DATASET EXCERPT:
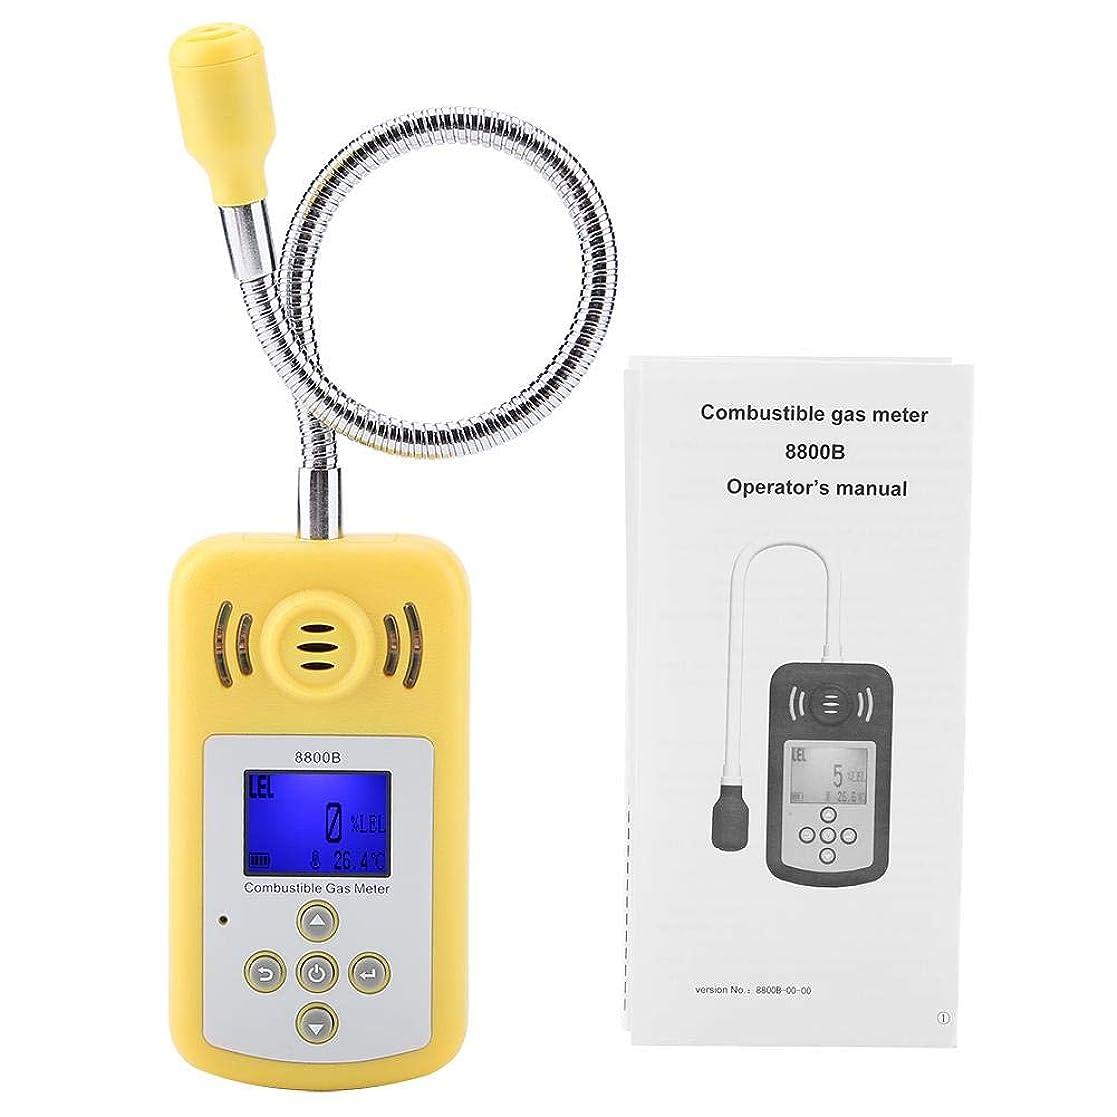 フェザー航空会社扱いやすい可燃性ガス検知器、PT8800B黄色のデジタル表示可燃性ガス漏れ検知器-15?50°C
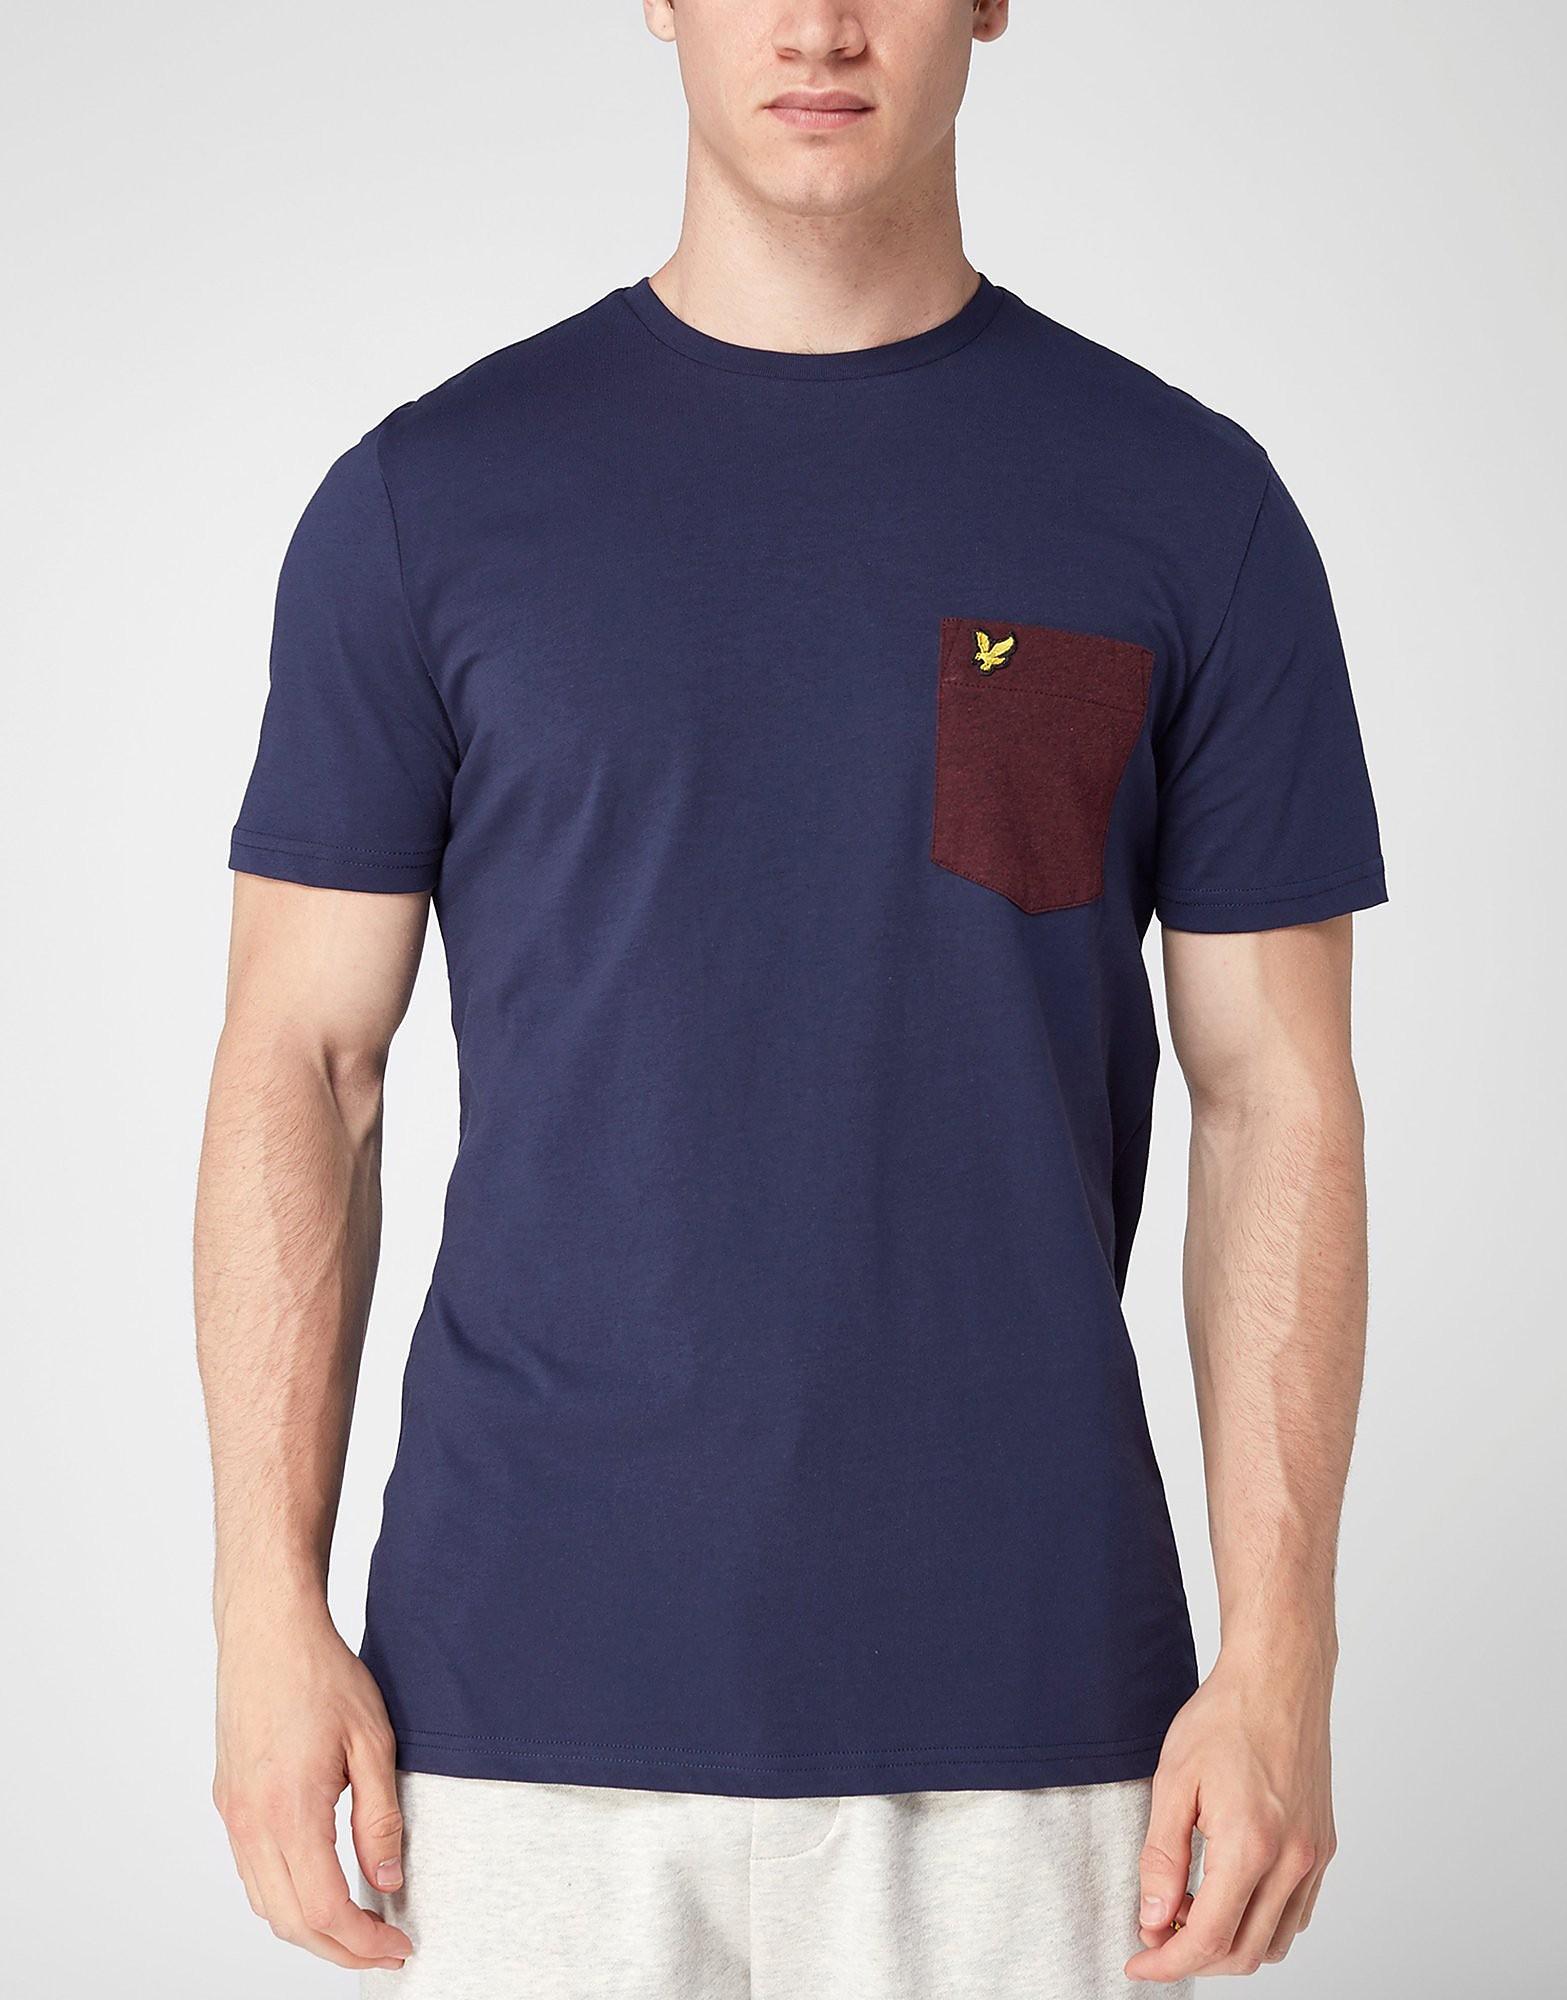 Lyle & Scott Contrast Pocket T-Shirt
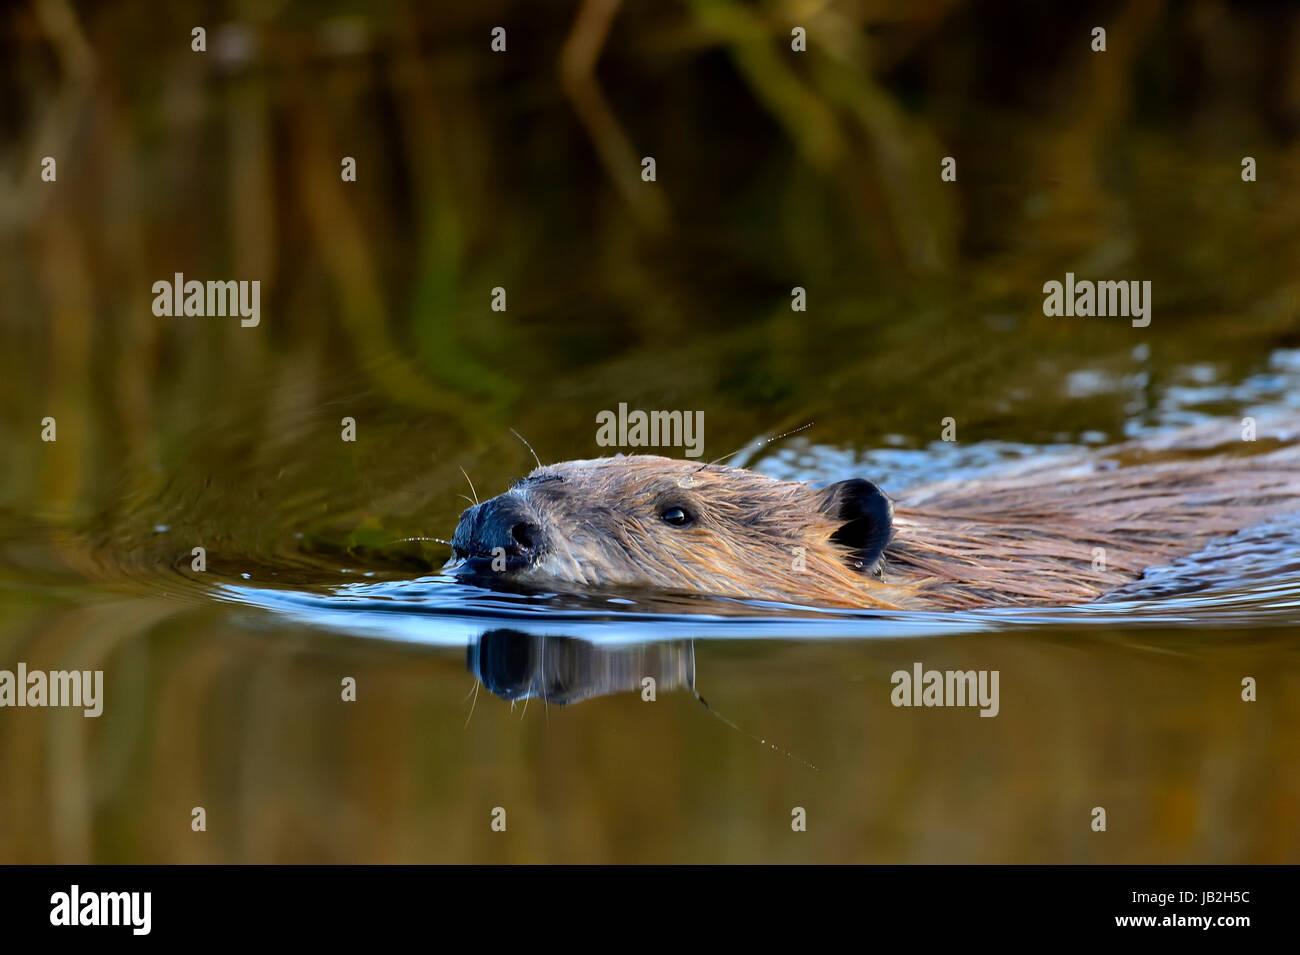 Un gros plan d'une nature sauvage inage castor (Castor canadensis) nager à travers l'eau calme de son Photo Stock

YOUR TASK: Everything in the preceding material must be transcribed exactly, except the images.

REPLY TO THE TASK:
 フェザー航空会社扱いやすい可燃性ガス検知器、PT8800B黄色のデジタル表示可燃性ガス漏れ検知器-15?50°C
 Lyle & Scott Contrast Pocket T-Shirt
 Un gros plan d'une nature sauvage inage castor (Castor canadensis) nager à travers l'eau calme de son Photo Stock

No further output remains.